Agentic AI workloads on Kubernetes: when your user is an LLM
Most Kubernetes infrastructure - autoscaling policies, timeout defaults, rate limiting - is built on an assumption: a human is on the other end, and the request-response cycle is short. Agentic AI workloads break that assumption in ways that aren't obvious until you're already in production.
Sessions run long, and that's normal
An agent working through a multi-step task - researching, calling tools, revising its own plan - can hold a session open for minutes, not milliseconds. Infrastructure defaults tuned for a web request will time out or forcibly recycle connections mid-task, and the failure mode isn't a clean error - it's a partially completed action with no clear record of what happened.
Retries need to be idempotency-aware, not just present
A standard retry policy assumes the failed request had no side effects. An agent's tool call might have already sent an email, written a database row, or triggered a downstream workflow before the connection dropped. Retrying blindly means doing it twice. This pushes idempotency keys and action logs from a nice-to-have into a requirement for any tool-calling agent infrastructure.
# Every side-effecting tool call carries an idempotency key,
# checked before the action runs - not after it fails.

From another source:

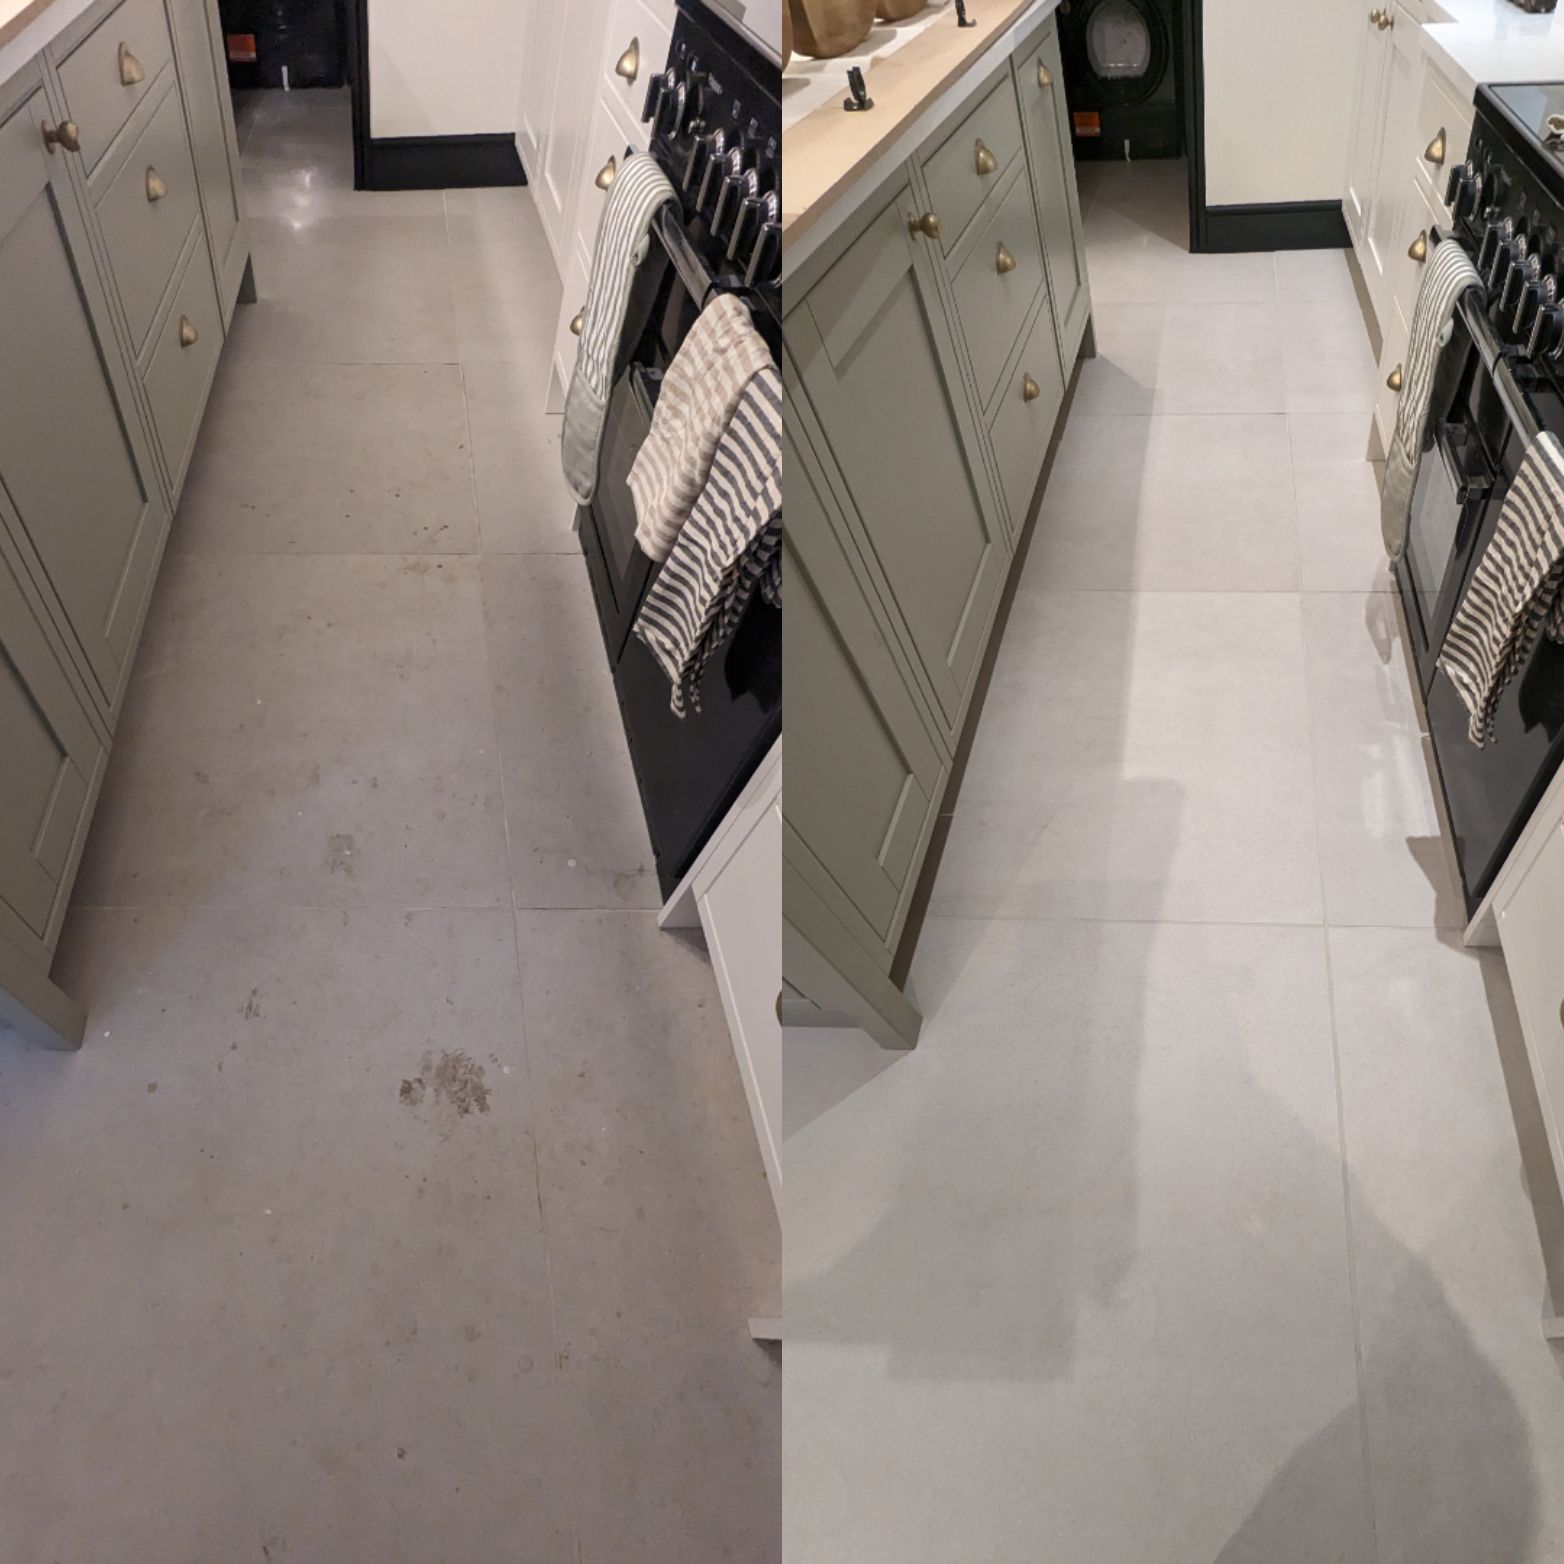 PORCELAIN TILES AND GROUT DEEP CLEANING AND SEALING IN WORSLEY, GREATER MANCHESTER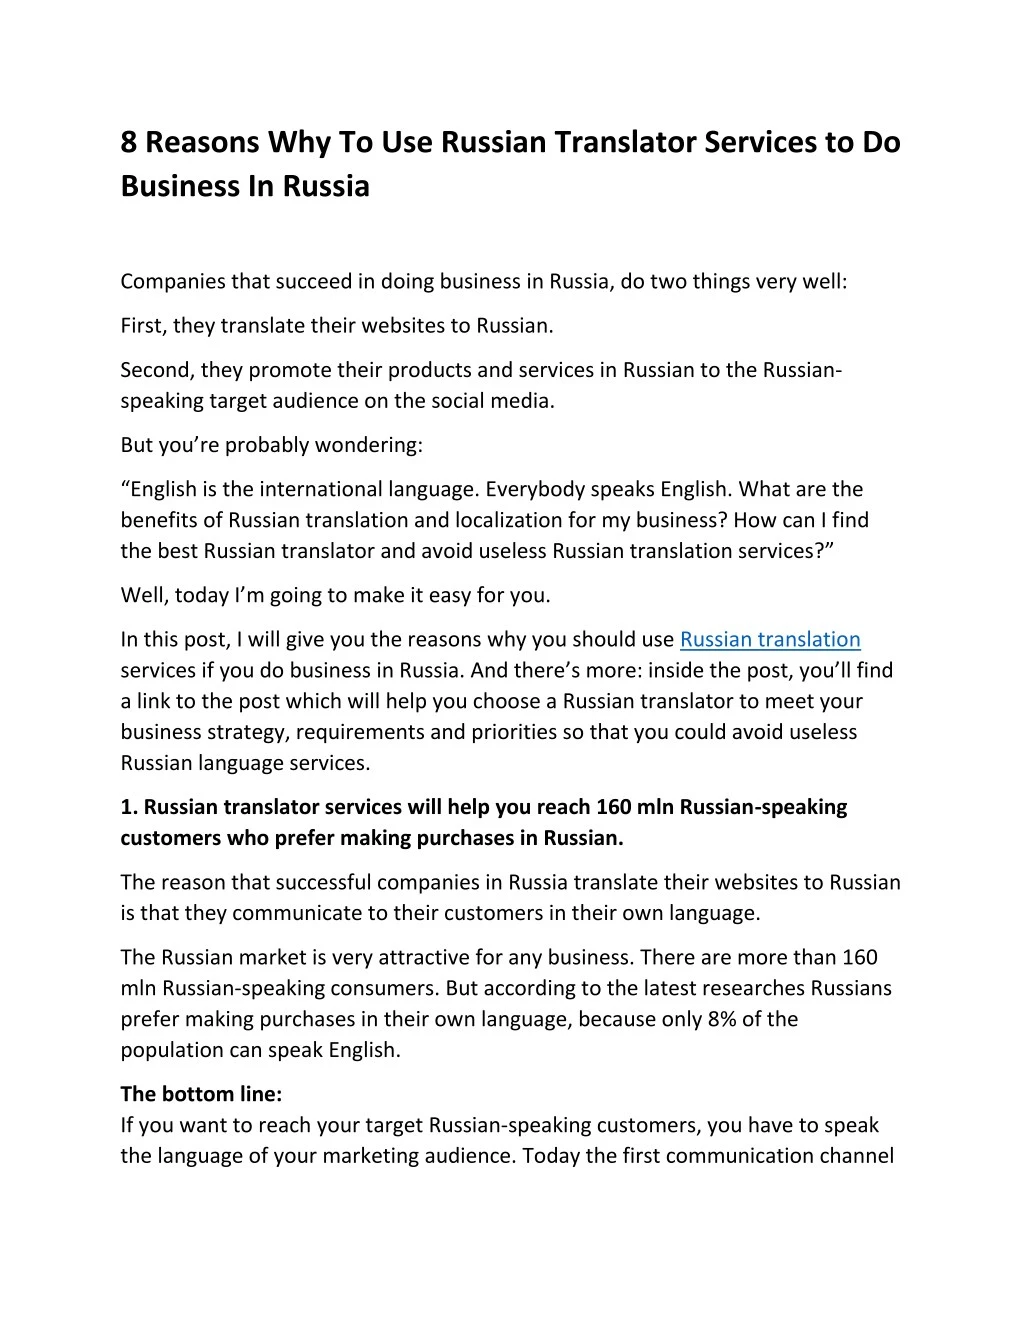 8 reasons why to use russian translator services

def execute_tool_call(action, idempotency_key, action_log):
existing = action_log.get(idempotency_key)
if existing is not None:
# Already ran - return the recorded result, don't repeat the side effect
return existing
result = action.run() # send email, write row, call webhook...
action_log.record(idempotency_key, result) # durable, checked before every retry
return result
Autoscaling on the wrong signal
Request count and CPU utilization, the usual autoscaling signals, correlate poorly with agent workload cost. A single agent session might make dozens of downstream LLM calls while barely touching CPU on the orchestrating service. Cost and load are better tracked through token throughput and concurrent active sessions than through traditional pod-level metrics.
Observability needs a new unit of work
A trace for a normal request ends when the response is returned. An agent's unit of work is the whole task - which might span multiple model calls, tool invocations, and even human-in-the-loop pauses. Tracing needs to model the task as the span, with individual calls as children, or debugging a failed agent run turns into reconstructing a timeline from scattered logs.
What we're recommending right now
Treat agent orchestration as a distinct workload class in your platform, not a variant of a normal API service. Give it its own node group with autoscaling tuned to concurrency rather than CPU, its own timeout defaults, and tracing that treats the task - not the request - as the unit that gets a trace ID. The infrastructure patterns for this are still settling industry-wide, but the gap between "treat it like a normal API" and "treat it like what it actually is" shows up fast once real usage starts.